FIG. 8 is an explanatory diagram showing an example of hyperlink weights.
FIG. 9 is an explanatory diagram illustrating an example of the weight of a hyperlink when there are a plurality of search routes.
FIG. 10 is an explanatory diagram showing an example of a hypertext search space together with hyperlink weights.
FIG. 11 is an explanatory diagram showing a partial search process during hypertext path search.
[Explanation of symbols]
DESCRIPTION OF SYMBOLS 101 Directory input part 102 Search condition input part 103 Path search part 104 Result output part 201 Origin point setting part 202 Link destination document extraction part 203 Category determination part 204 Weight calculation part 205 Path determination recording part 206 Search end determination part

Claims

A document category storage means for storing documents belonging to a category, a path search means, and a result output means, and a document that is a starting point is traced to a document that is a starting point by following a hyperlink between documents belonging to the category.
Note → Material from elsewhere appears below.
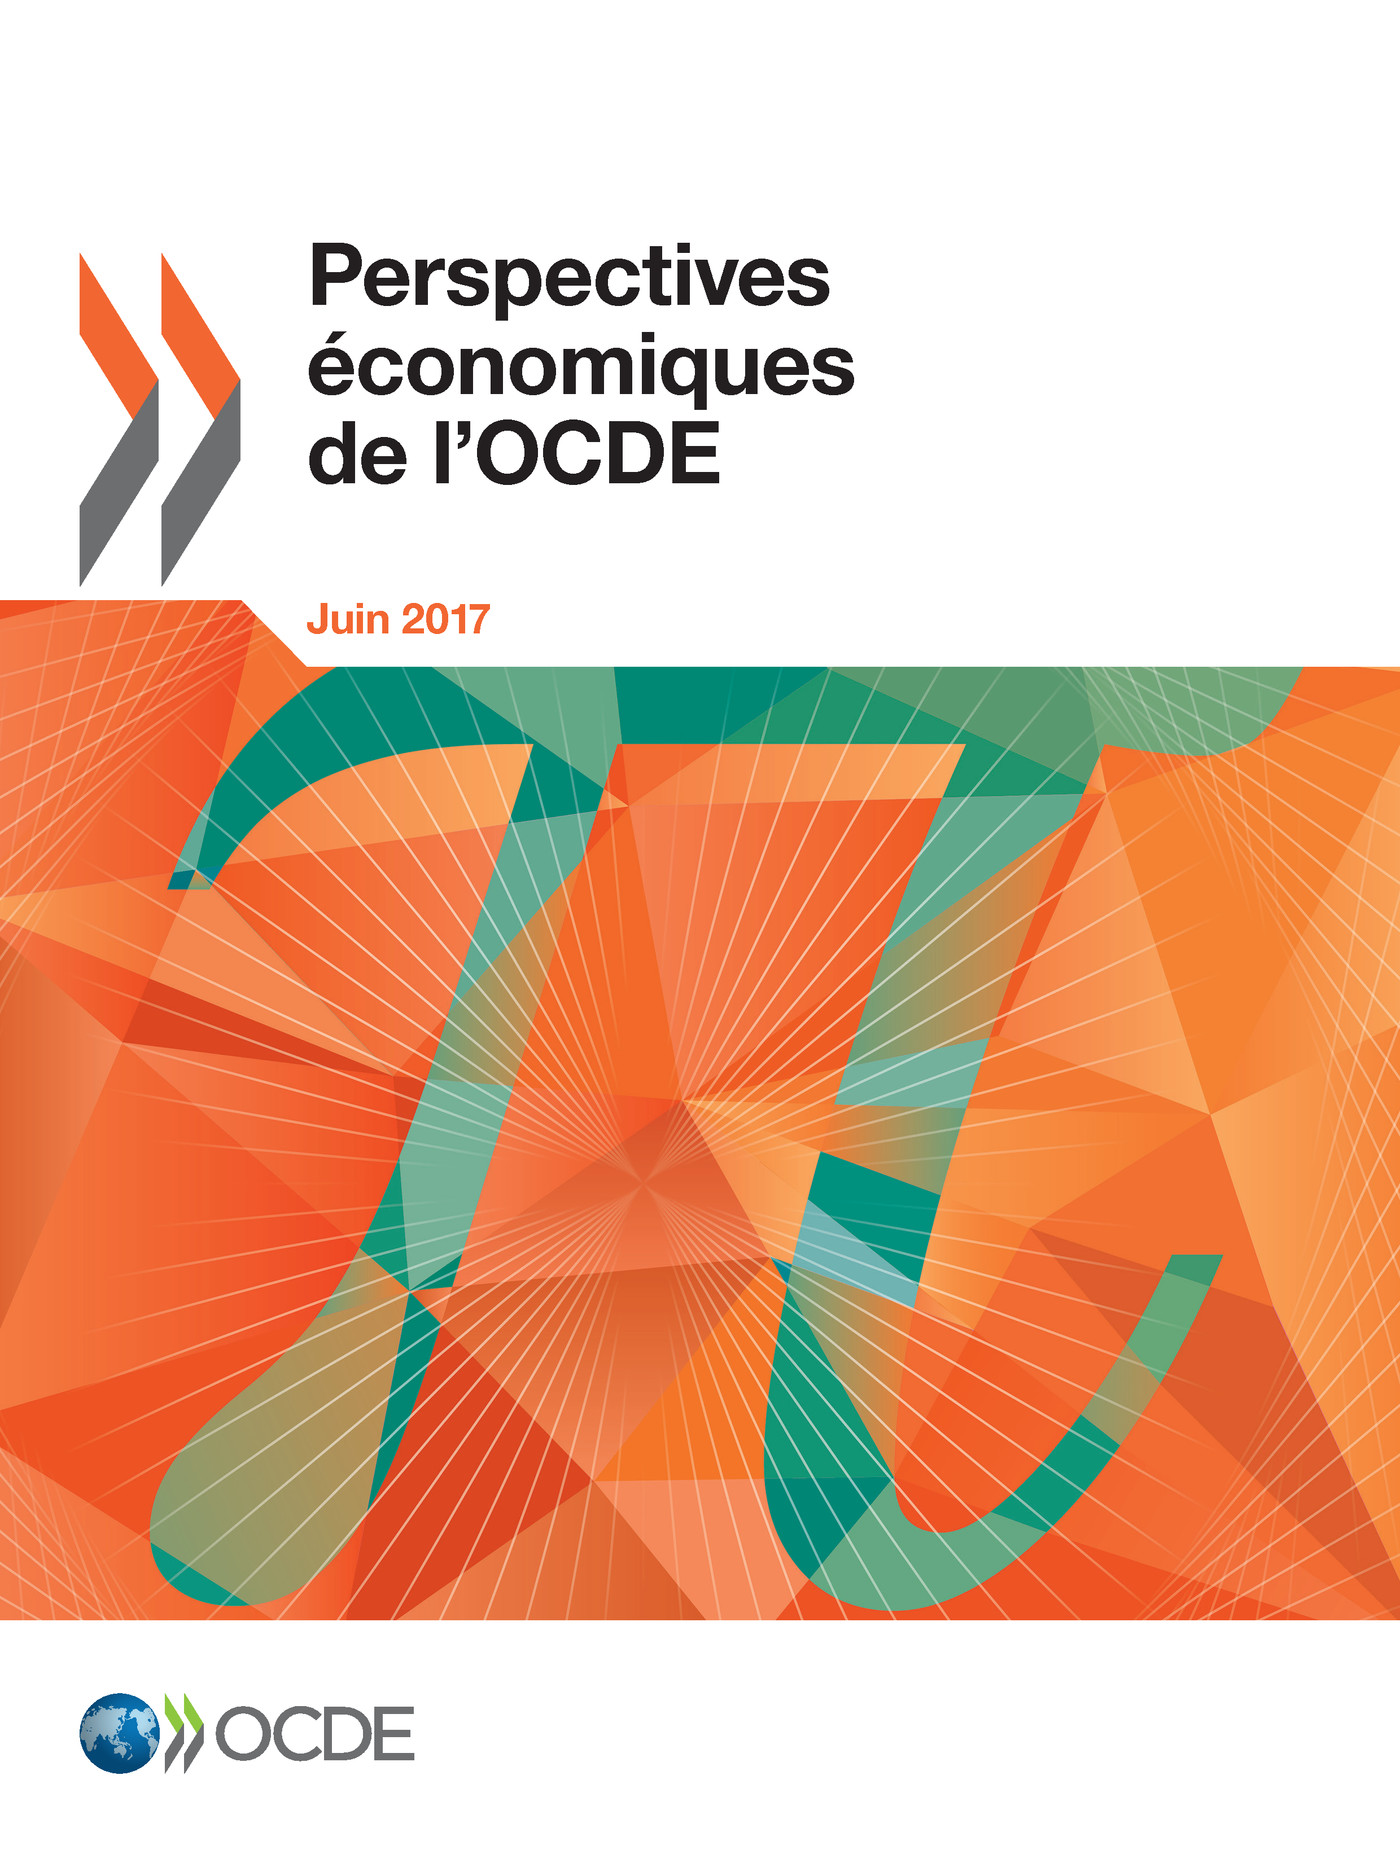 Perspectives économiques de l'OCDE, Volume 2017 Numéro 1 -  Collectif - OCDE / OECD

A route search method of a route search device for obtaining a path to reach,
A path obtained by assigning a weight to a hyperlink, searching for a weighted directed graph using the hyperlink weight value, and obtaining a path from the starting document to the end document by the path search unit Search process,
A result output process performed by the result output means for outputting a path obtained in the path search process, and
The weight of the hyperlink is
The relevance that is the similarity between the feature vector of the category of the link source document and the feature vector of the category of the link destination document, and the fitness that is the similarity between the feature vector of the category of the link destination document and the feature vector of the link destination document And a route search method characterized by being multiplied by the above .

When the linked document belongs to a plurality of categories, the maximum weight value of the weights calculated for each category to which the linked document belongs is calculated in the calculation of the weight of the hyperlink used in the route search . The route search method according to claim 1 , wherein the route search method is used.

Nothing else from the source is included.